In recent weeks, Apple have announced their plans to cut the production of their three newest iPhone models, originally released back in September and October of this year. The three models, the iPhone XS, iPhone XS Max, and iPhone XR, are rumoured not to have reached the demand they were expected to, so Apple Inc. have made the decision to cease production of these models to mitigate against any financial loss.
Apple have shocked investors after the sales forecast for the Christmas period was lower than expected. A number of suppliers have been affected by the decision to cut production so abruptly. According to research, Apple’s shares were down by 3.7% at $186.38, resulting in suppliers also being down by 2.7% to 6% between them. It is evident that Apple’s decision to offer more models has resulted in it being a lot more difficult to anticipate the number of components and handsets the company actually needs.

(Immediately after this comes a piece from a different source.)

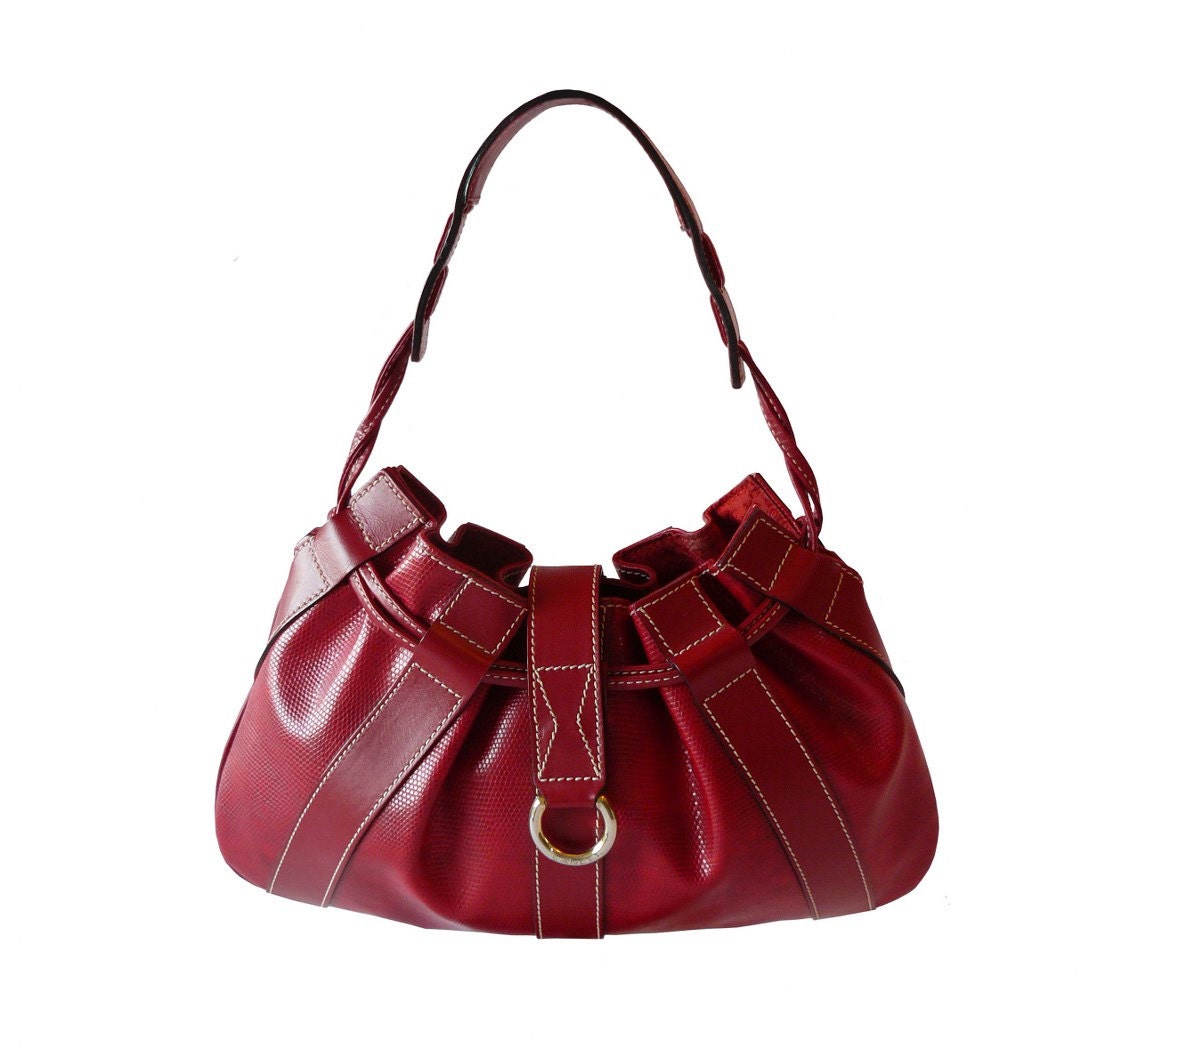 Authentic Lancel Paris Red Leather Drawstring Handbag Made in

Although all three new models are being cut from production, it’s particularly the iPhone XR that has proved the most problematic since its release in October of this year. Apple decided to cut nearly 70 million units some suppliers had been asked to produce between September and February; and it was only last week that Apple informed several of its suppliers their decision to lower the production of the iPhone XR even further.
However, Apple’s decision will surely be a positive one for the future. Some sources are saying that their decision could definitely be as a result of Apple’s changing strategy, which more recently has focused on raising the amount of money it makes from each device, instead of driving prices lower to increase sales numbers. It was Apple’s iPhone X, released late last year, that has been the most recently successful model. Their first 2018 earnings report earlier this year showed an 11% increase in revenue following the release of the iPhone X.